Home > Other > The Bear Trap > Page 17
The Bear Trap Page 17

by Grant Pies


  “Stepkids.” Carter sensed an annoyance in her voice. Once again, the body and mind were quick to abandon the sadness, return to a more acceptable emotion, a more bearable emotion. “Only every other weekend, thank God. No, another kid of my own would be too much after Jasmine. I don’t have any energy left to go into another child.”

  Sam smiled and held out another framed photo. “She was beautiful.” She was in her St. Mary of the Lake uniform. He handed the photo to Carter. Looking back at him was a misshaped pupil, melting into the rest of her right eye. Carter’s heart raced again. But this time Sam spoke up and led the questioning.

  “Her eye.” He pointed at his own face. “Interesting. Was that something she had at birth?” Janette nodded. “Did it affect her vision?” She shook her head. “But she didn’t get it from you, I see.”

  “No, not from me…” She fidgeted with a balled-up tissue she had been dabbing her nose with.

  “Then your ex? Brian?” Sam probed further, knowing the answer, but wanting to see what Janette said. She just nodded. “Did he know what it was that caused that?”
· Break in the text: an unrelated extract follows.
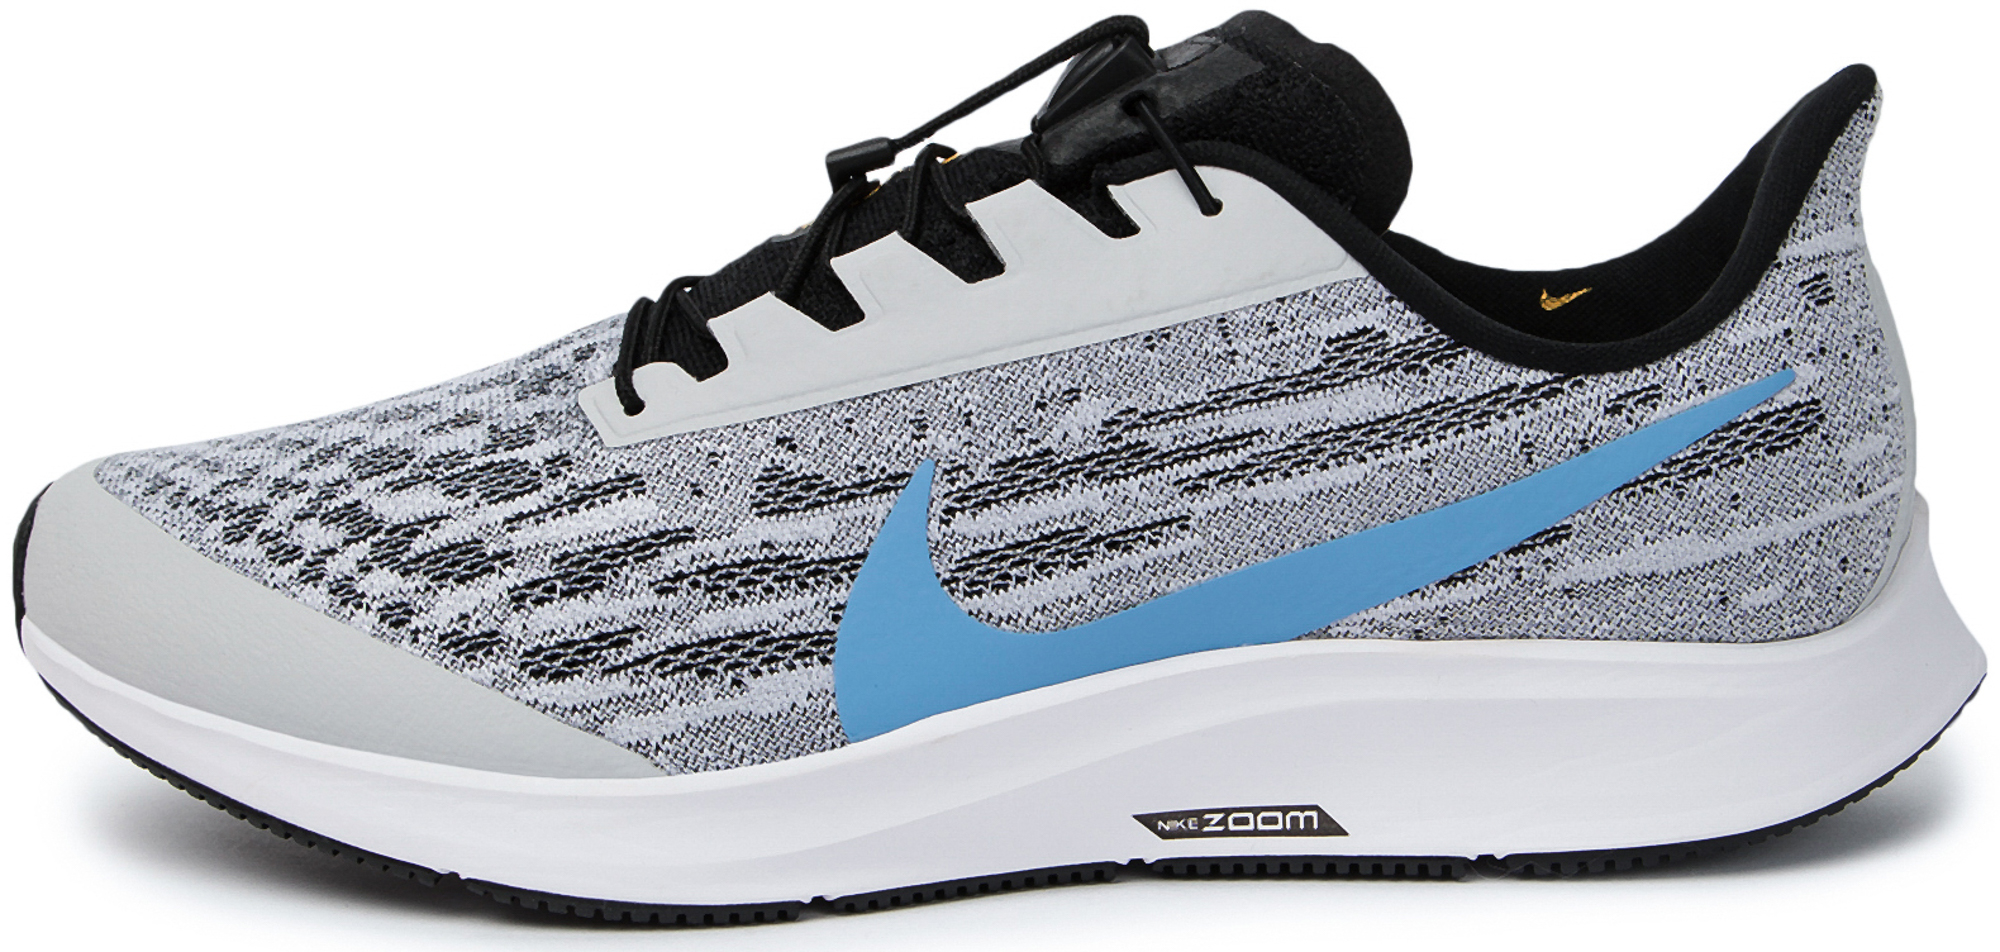 Nike Кроссовки мужские Nike Air Zm Pegasus 36 Flyease, размер 47.5

  “You know, I really need to get going.” She stood. “I have to pick my step kids up from school soon.”

  “It caught my attention because a feature like that would make it easier to identify a missing person.” Sam tried his best to keep on the subject.

  “Is today a short day at school?” Carter looked down at his watch. It was noon. He stood and shoved his notepad into his pocket.

  “I have things to do before I pick them up.” She took a few steps towards the front door.

  “The eye.” Carter paused at the door as Janette ushered them out. “What was the condition that caused that?”

  “I don’t know, Mr. Carter,” she said tersely.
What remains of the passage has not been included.